Feels Like Walking on Thin Ice!


Over time I’ve become better at catching myself doing it, but that doesn’t change the fact that my dreams are often terrifying to me. They are both essential to my success and happiness and absolutely terrifying. Thankfully some leadership training I experienced about a decade ago gave me the ability to say, I’m afraid or I’m terrified yet I still power through and do the deed anyway. Sometimes that requires white-knuckling it, other times it requires having an accountability partner give me a pep talk about where I have been, what I have already accomplished and why I am unstoppable.
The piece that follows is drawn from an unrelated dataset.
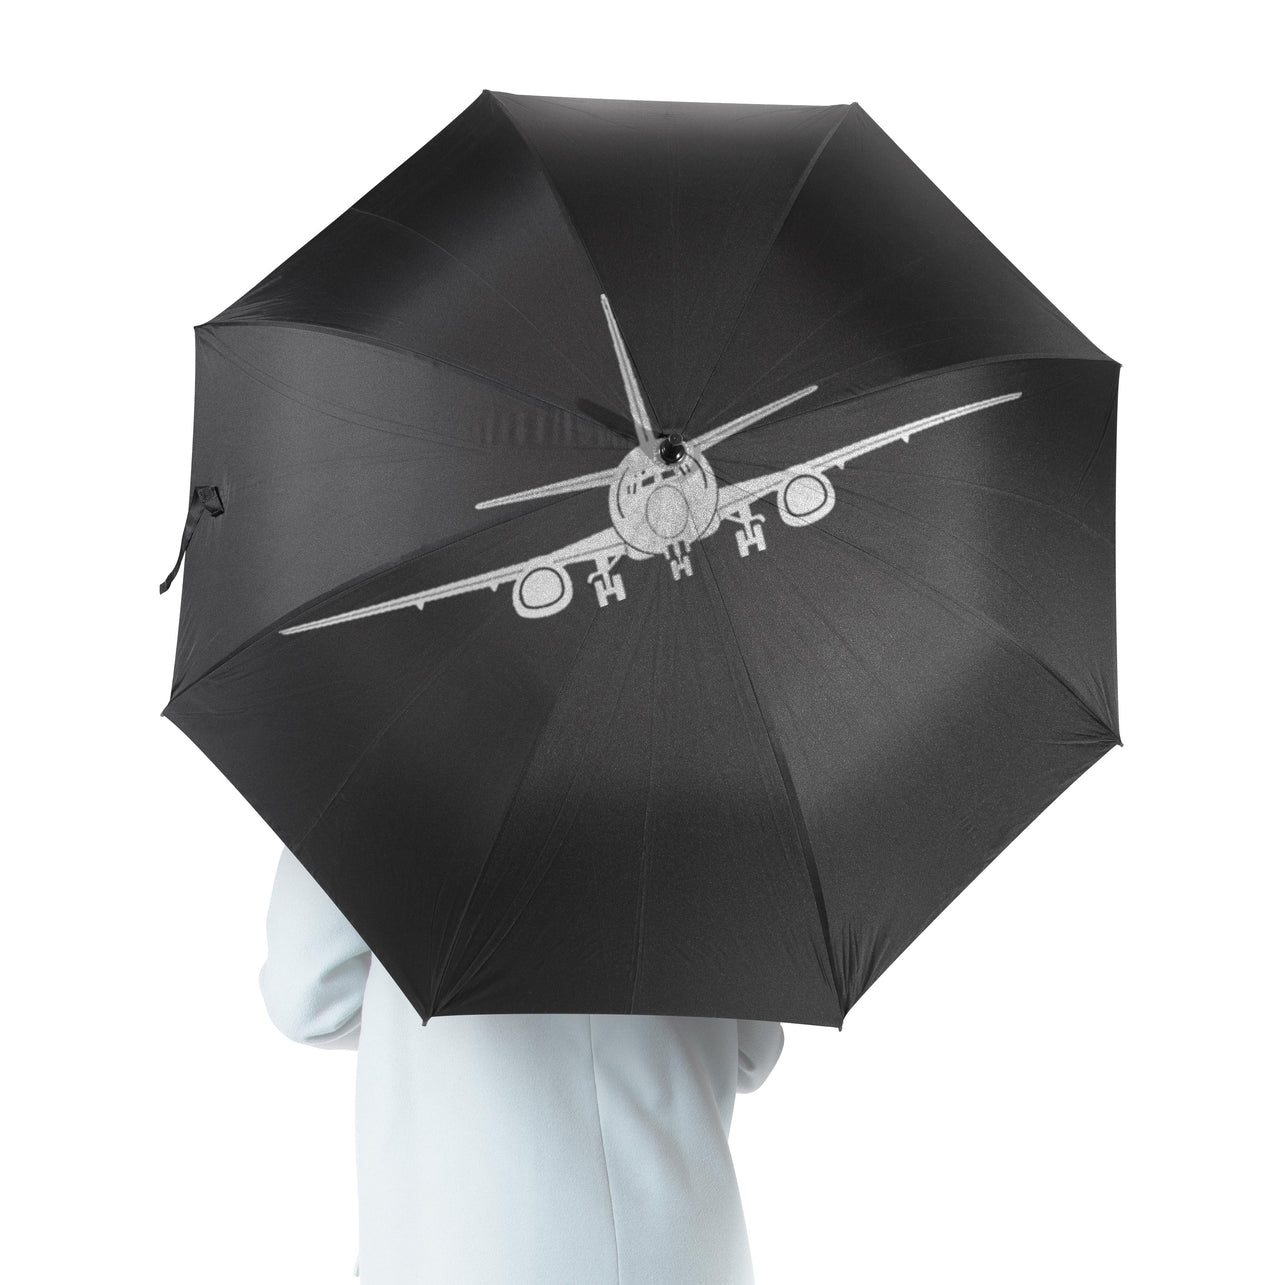 Boeing 737 Silhouette Designed Umbrella

Tonight I stared down the offensive email, felt the feelings of inadequacy, fear and exhilaration swirl into one big blob and reasoned with myself why I should not send it, or say this or that. In the end, I read through my response, made sure there were no typos, eyed down my quirky, pollyanna, late night communication style and let it fly. My refusal to engage in the process of communication will not be what holds me back. My stomach lurches at the thought of what a yes would look like, but thankfully I can worry about that later.

Right now I’ve done all I can do, all that was required of me and pretty much all that I feel capable of doing. At the end of the day, you’ve got to be IN IT TO WIN IT!. Right? I’ll never be perfect. My confidence paralysis will return again and again, but hopefully next time, like tonight, I will again be up to the challenge.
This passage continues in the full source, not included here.